Regulation of lymph node vascular growth by dendritic cells - PubMed (original) (raw)
Regulation of lymph node vascular growth by dendritic cells
Brian Webster et al. J Exp Med. 2006.
Abstract
Lymph nodes grow rapidly and robustly at the initiation of an immune response, and this growth is accompanied by growth of the blood vessels. Although the vessels are critical for supplying nutrients and for controlling cell trafficking, the regulation of lymph node vascular growth is not well understood.
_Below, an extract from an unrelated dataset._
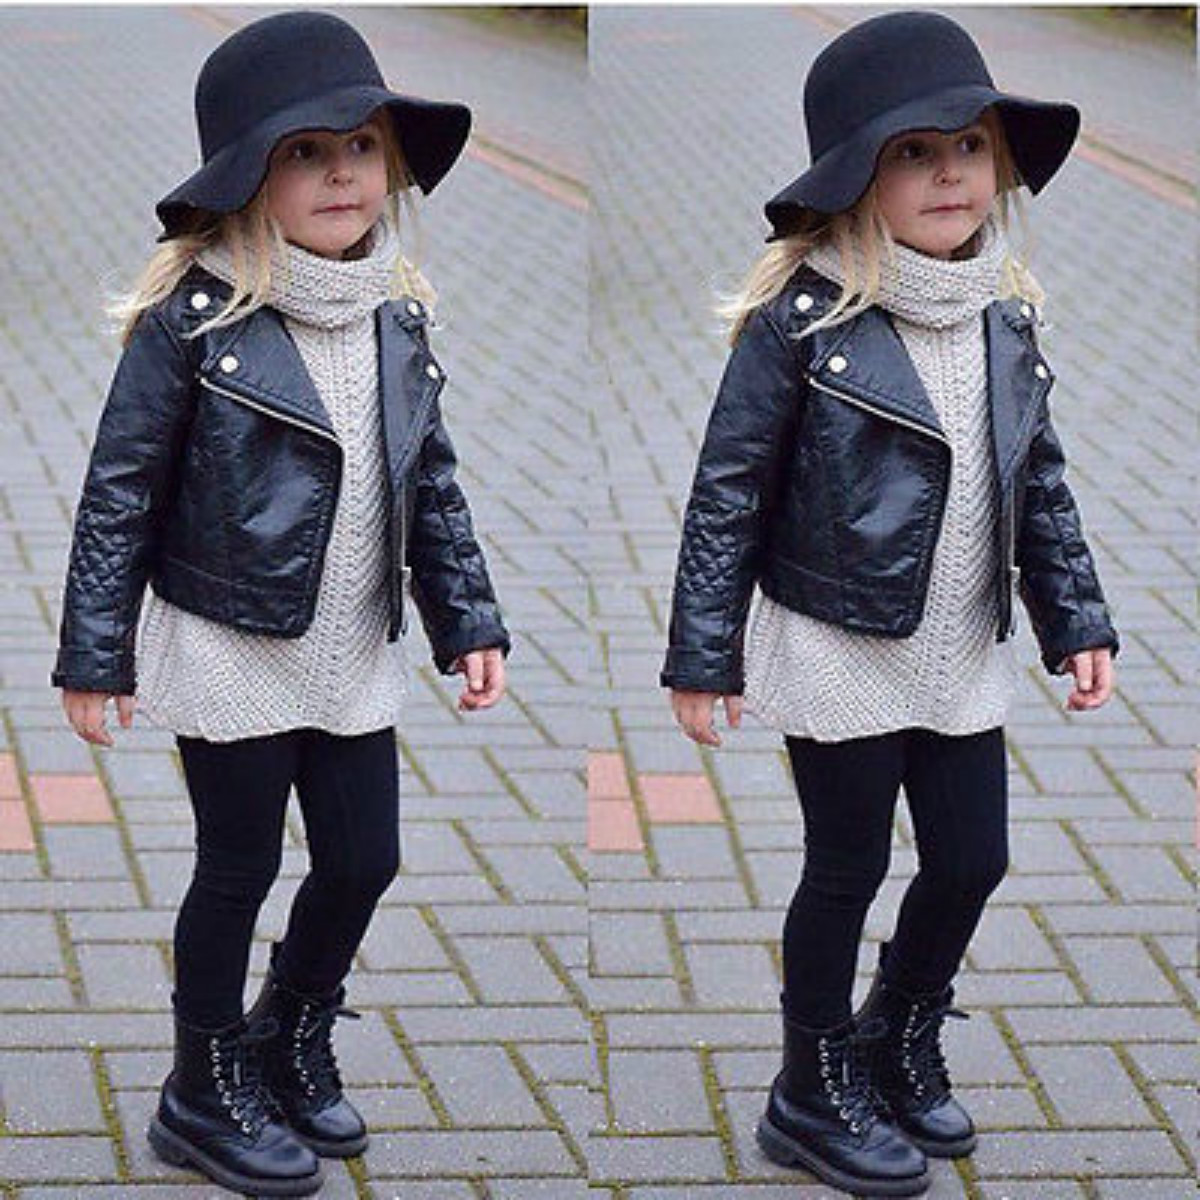 Leather jackets for kids - Child Toddler Kids Girls Clothing Faux Leather Pu Jacket Zippered Thin Coats Size 2 7

We show that lymph node endothelial cells begin to proliferate within 2 d of immunization and undergo a corresponding expansion in cell numbers. Endothelial cell proliferation is dependent on CD11c+ dendritic cells (DCs), and the subcutaneous injection of DCs is sufficient to trigger endothelial cell proliferation and growth. Lymph node endothelial cell proliferation is dependent on vascular endothelial growth factor (VEGF), and DCs are associated with increased lymph node VEGF levels. DC-induced endothelial cell proliferation and increased VEGF levels are mediated by DC-induced recruitment of blood-borne cells. Vascular growth in the draining lymph node includes the growth of high endothelial venule endothelial cells and is functionally associated with increased cell entry into the lymph node. Collectively, our results suggest a scenario whereby endothelial cell expansion in the draining lymph node is induced by DCs as part of a program that optimizes the microenvironment for the ensuing immune response.
Figures
Figure 1.
Growth of vascularity and of endothelial cells in the draining lymph node. Mice were immunized with OVA/CFA on the upper back and killed at the indicated times. (A) Total cell counts of draining brachial and nondraining inguinal (Ing) lymph nodes. (B) Vascularity of brachial lymph nodes at day 5. (A and B) n = 3 mice. (C) FACS plot showing the CD45negCD31hi endothelial cell population (R1). (D) Endothelial cell count in the same lymph nodes as in A. (E) Endothelial cell (EC) proliferation in brachial lymph nodes over the preceding 48 h at days 2 and 5 as measured by the percentage of endothelial cells that incorporated BrdU. (F) Endothelial cell proliferation in brachial lymph nodes over the preceding 24 h on days 1, 2, and 3. (E and F) Each symbol represents one mouse, and results are representative of experiments performed four times. (G) Immunohistochemical stain for PNAd (blue), BrdU (pink), and CD45 (brown) in a day 3 draining lymph node to show BrdU uptake by PNAd+ HEV endothelial cells. (H) Percentage of HEVs in brachial lymph nodes that have at least one BrdU+PNAD+ cell. n ≥ 4 mice for each time point. (A, B, D, and H) *, P < 0.05; **, P < 0.01 with the Student's t test compared with PBS-injected controls. (A, D, E, F, and H) Closed symbols represent samples from immunized mice, and open symbols represent samples from PBS-injected control mice. Error bars represent SD.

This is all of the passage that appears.